We need leaders who can listen in Aotearoa New Zealand. I can think of no-one in Parliament or our local councils who I regard as a listener. They are leaders with ‘ideas’ who want you to follow them, not listeners going where you lead. If we want to avoid our own Brexit or Trumpocalypse, we need listening leaders who spend more time in our local communities than they do in offices or meeting rooms and represent the views of our communities, not the party. If our leaders could listen in this way, then perhaps they could embody change.

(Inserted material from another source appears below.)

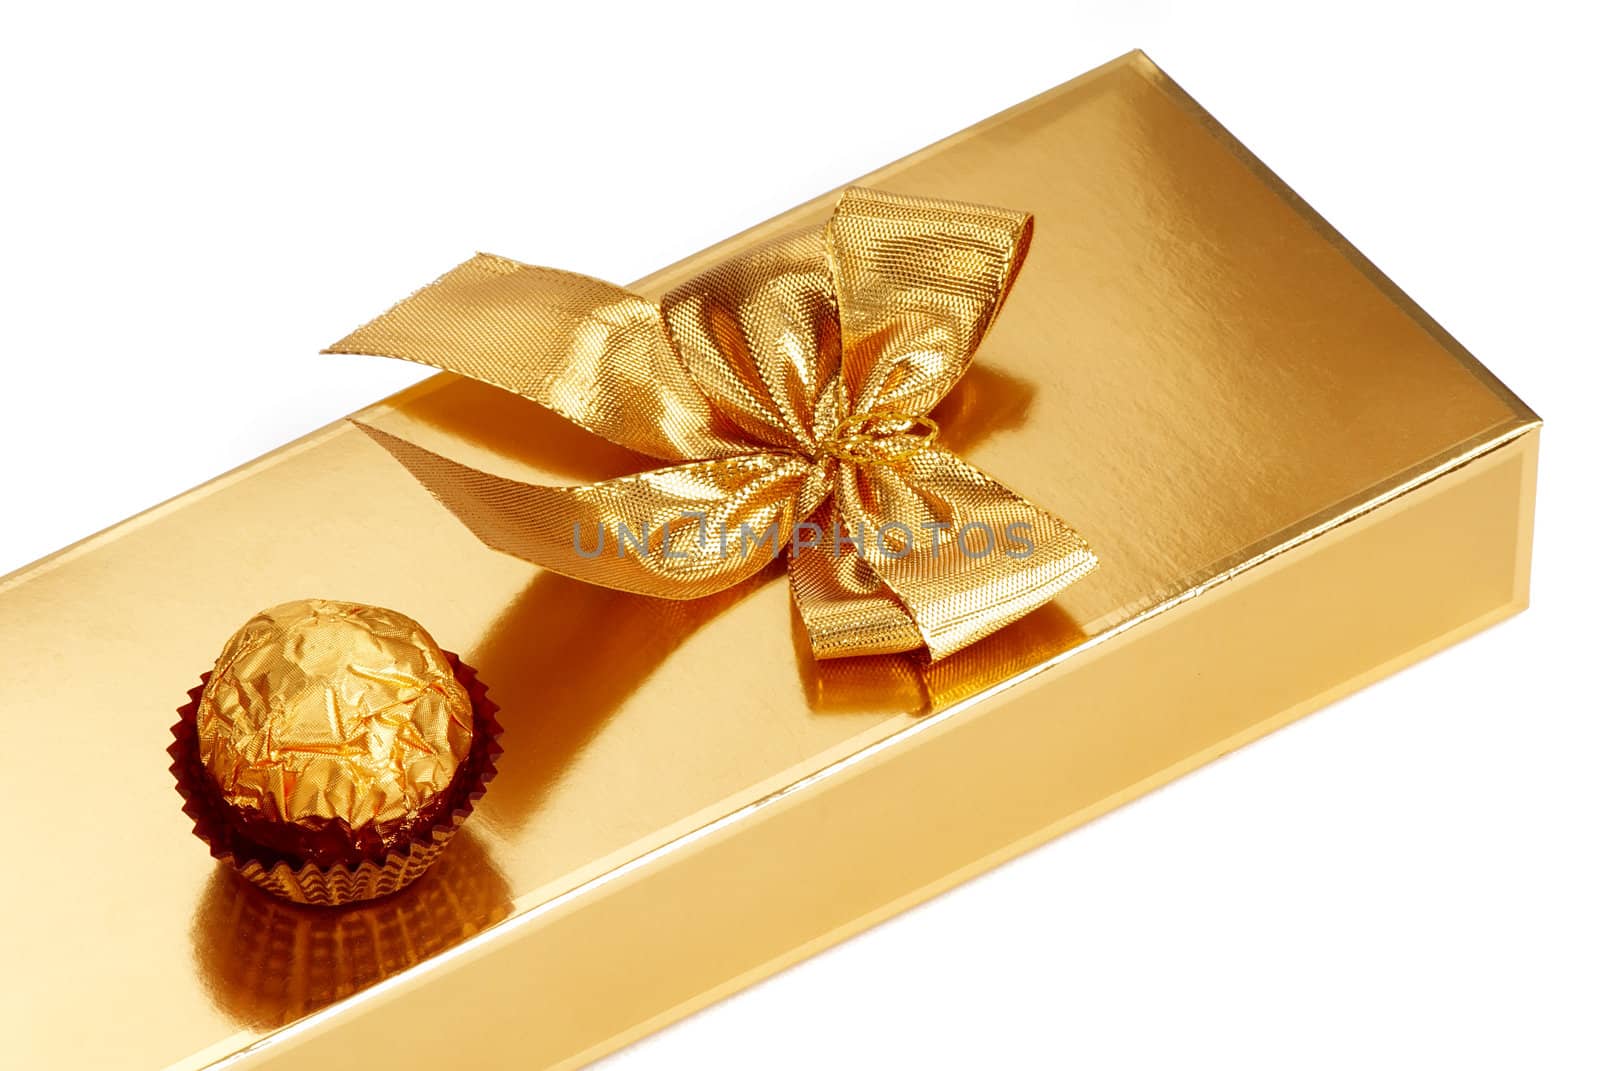 A gold boxed gift with gold ribbon and chocolate.

In listening, they would hear what needs to change. They would hear that families are living homeless and this is a housing crisis in every major urban area in the North Island that needs resolution now. They would hear concerns that that the sheer number of immigrants is too high and poorly supported. They would hear that wages and salaries for the majority of workers have not risen in years so we have a large number of stressed, working poor. They would hear regions failing as industries and workforces leave. They would hear deep concern about rivers and waterways, and over-fishing. They would hear concern about water security and safety. They would hear that people want dairy farms but are concerned there are too many and that’s ruining our national image. They would hear concerns about youth suicide and mental health.

Imagine building a policy platform on what was heard, instead of the status quo of elites and their policy wonks writing a policy platform and then polling people about it. A policy platform built from what communities need only comes from an actual representative model of democracy where our leaders are in our communities, not hidden in Wellington or inner city offices.

Listening and change. I don’t think it’s that hard, but a key challenge is we’re on this train of an economic model with an engine made up of growth and profit and everything else – people, land and quality of life – are just fuel. The train drivers, the elite, the 1 Percent, the rich have done well on the journey. Most have not. But Brexit and the Trumpocalypse are warning signs at the end of the line. Here in Aotearoa New Zealand the response to date has been decreasing voter turnout and civic involvement, but the Northland by-election is a little indicator of what a fear-mongering populist could potentially achieve among dissatisfied voters. We have an opportunity before the end of the line to change. We can still actually transform the system so that growth and profit are used in service of people, land and quality of life. Yes, it would mean the elite would need accept less growth and re-distributed profits, would need to accept the movement of some of their private wealth into public hands, but better this than voters reach the point where they just want to see the world burn.

Change is inevitable. We can all see it coming. If you can’t you’ve built the fences too high around your mansion. The only true choice we all have is how that change will occur. Listening or not-listening is the choice. If we support listening leaders, it can be a transformation full of hope and possibility. If we stay the current path, it will be an end determined by fear and anger, both spectacular and disastrous.